A 2nd Puppy could be used to delete the pupsave and replace it with a good backup copy.
Hence a "live" install was pretty safe.
b. With the new arrangement used in Quirky Unicorn, a snapshot would be saved within the Puppy filesystem.
Hence Quirky would need to be functional to be able to restore a snapshot.
Yet it's not guaranteed incorruptible.
I saw BK say somewhere that he intends to do something about this.
I wonder what?
4. I normally set up my Puppies so I have the choice "to save or not to save" session changes.
Both during the session, and at shutdown/reboot.
Is there a way to do this in Quirky Unicorn?
3.
A snapshot can be restored at bootup. Quirky creates a ramdisk, with a small Linux environment, and runs from there. As long as Quirky can get the files needed to create the ramdisk, even a broken system can be rolled back.

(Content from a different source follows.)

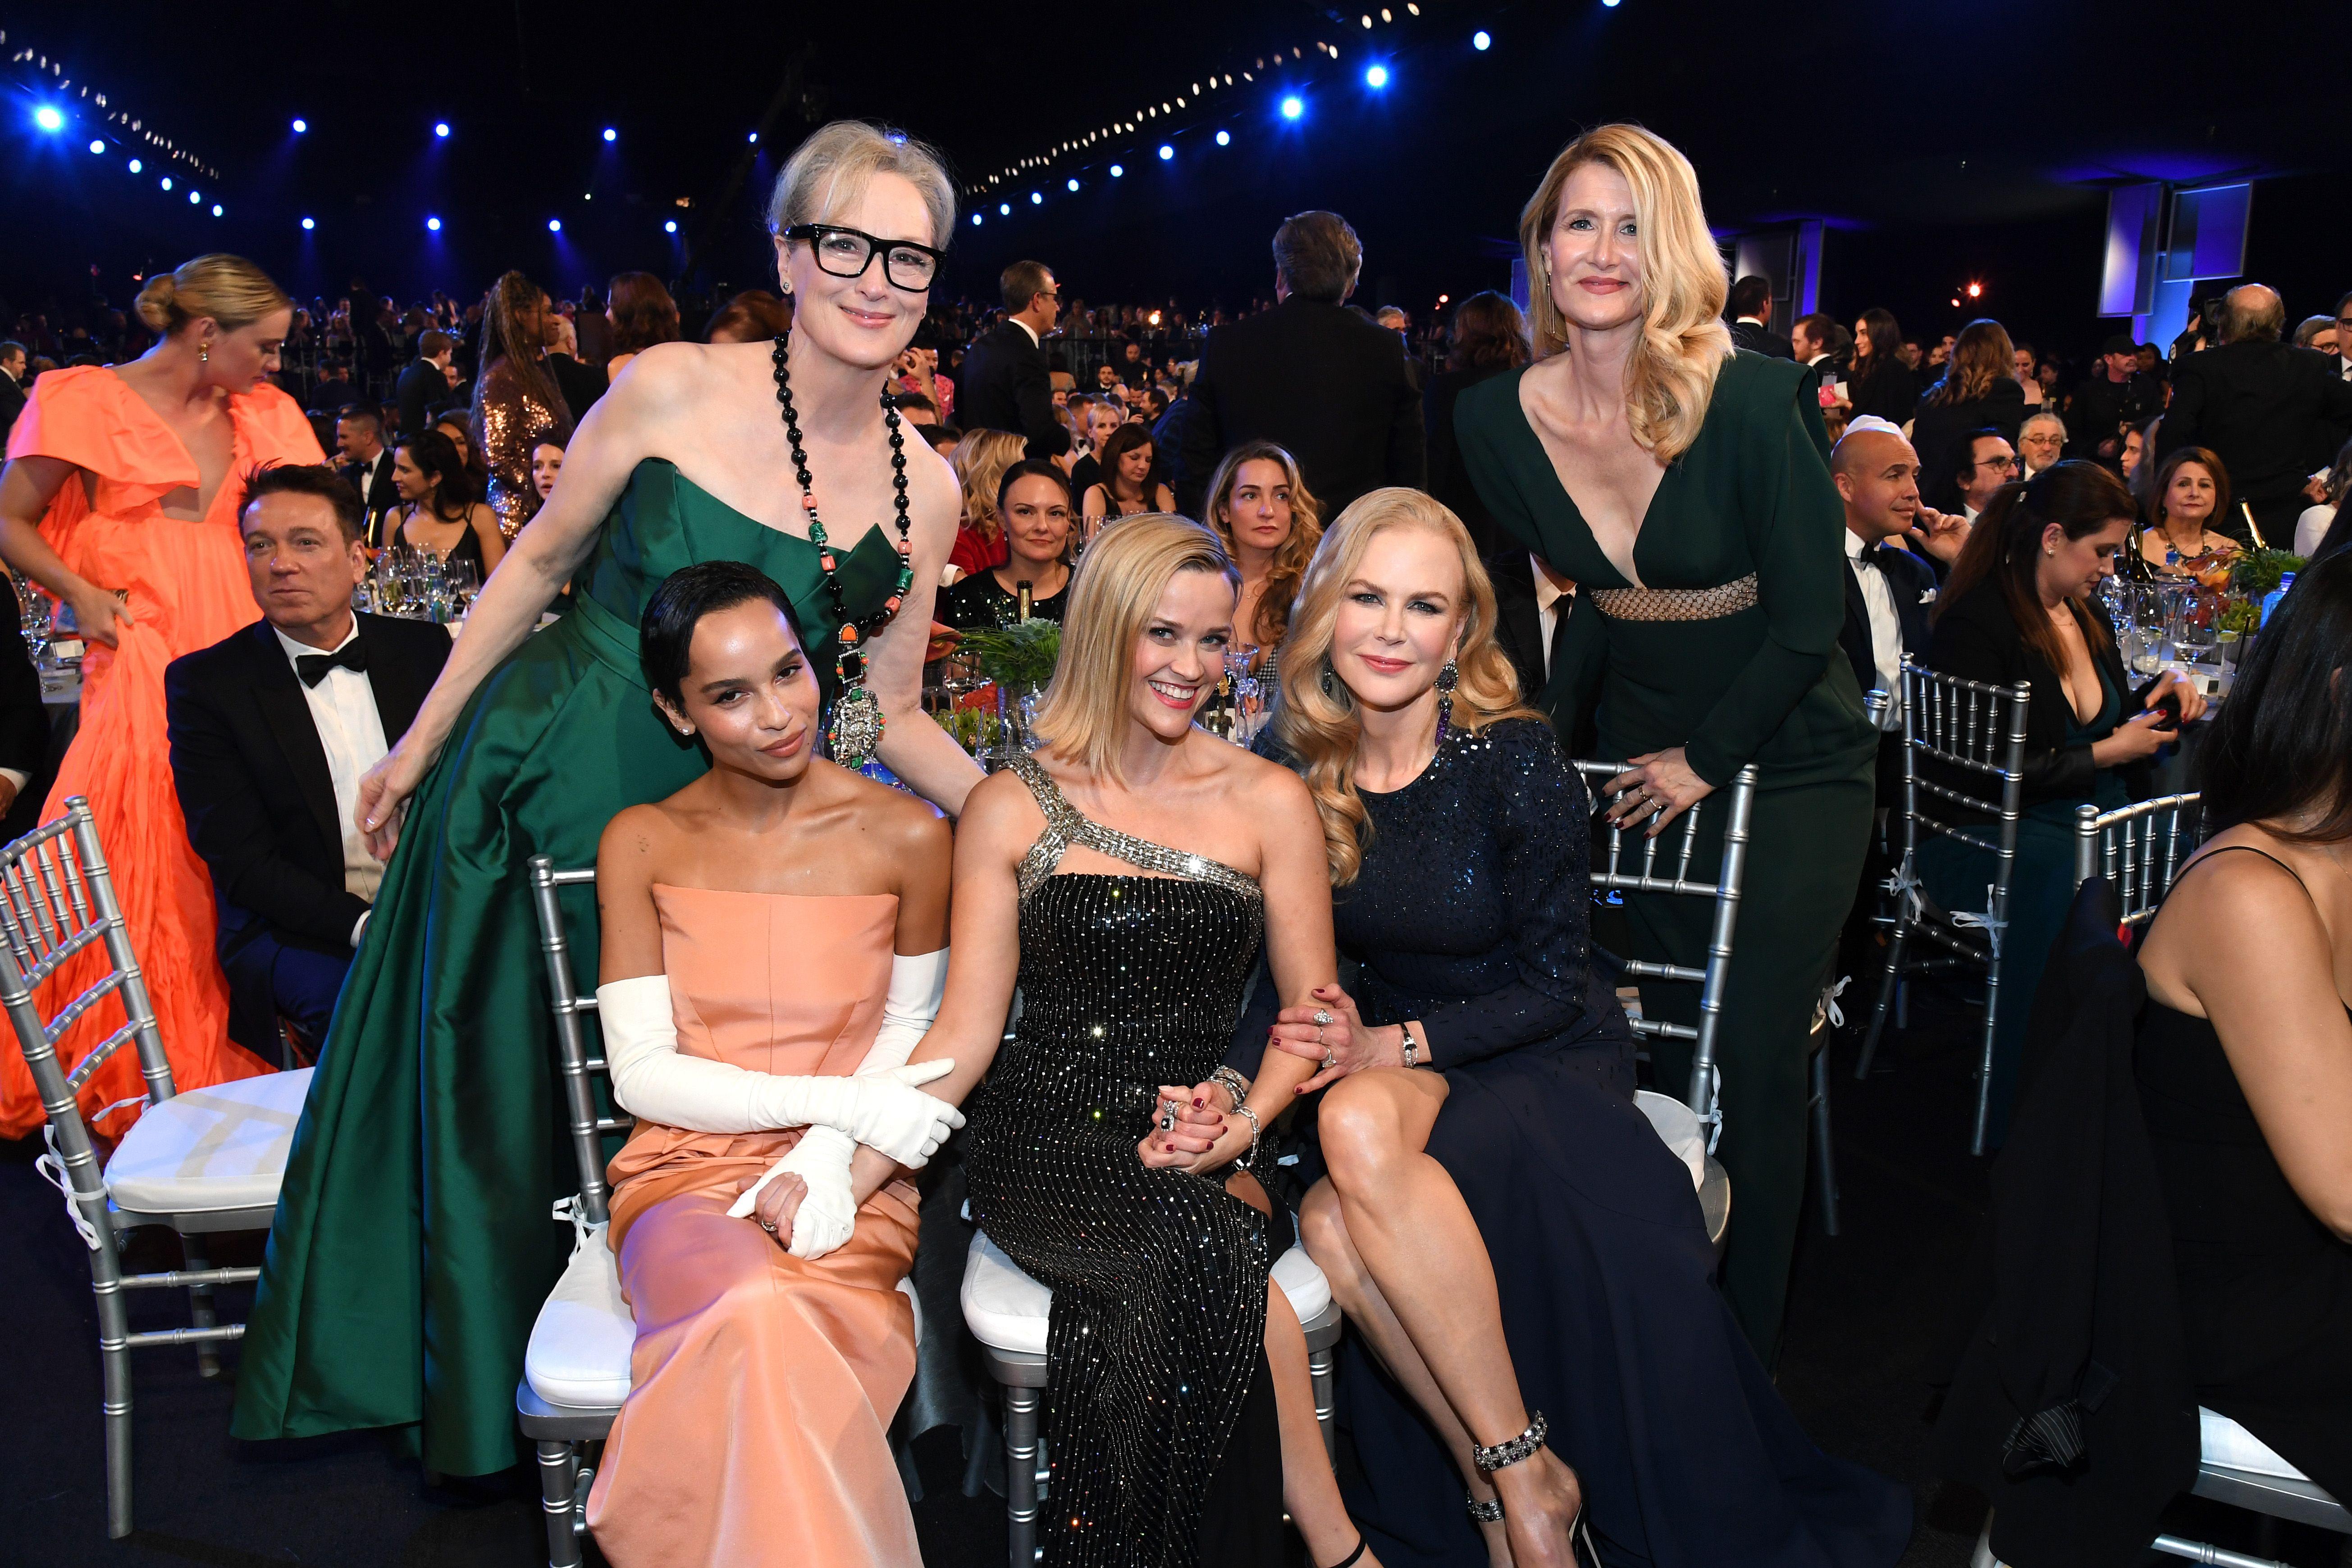 Everyone Looked Devastatingly Hot at the SAG Awards

The files needed to create the ramdisk are mostly static, that I created especially for the purpose, though in theory if any of those have been damaged or deleted then the ramdisk won't work.
Yes, the extra step that I was considering, to ensure rollback of a totally messed up installation, is to have a ramdisk image file. As long as that file still exists, the ramdisk can be created.
Oh yes, busybox will have to still be there, and working, but it is also a static executable.
4.
You are thinking in Puppy terms, but as for number 3 above, you have to know that Quirky is a conventional full installation of Linux.
There is no "pupsave" file. You are running a full install of Linux, so no option to shutdown without saving session.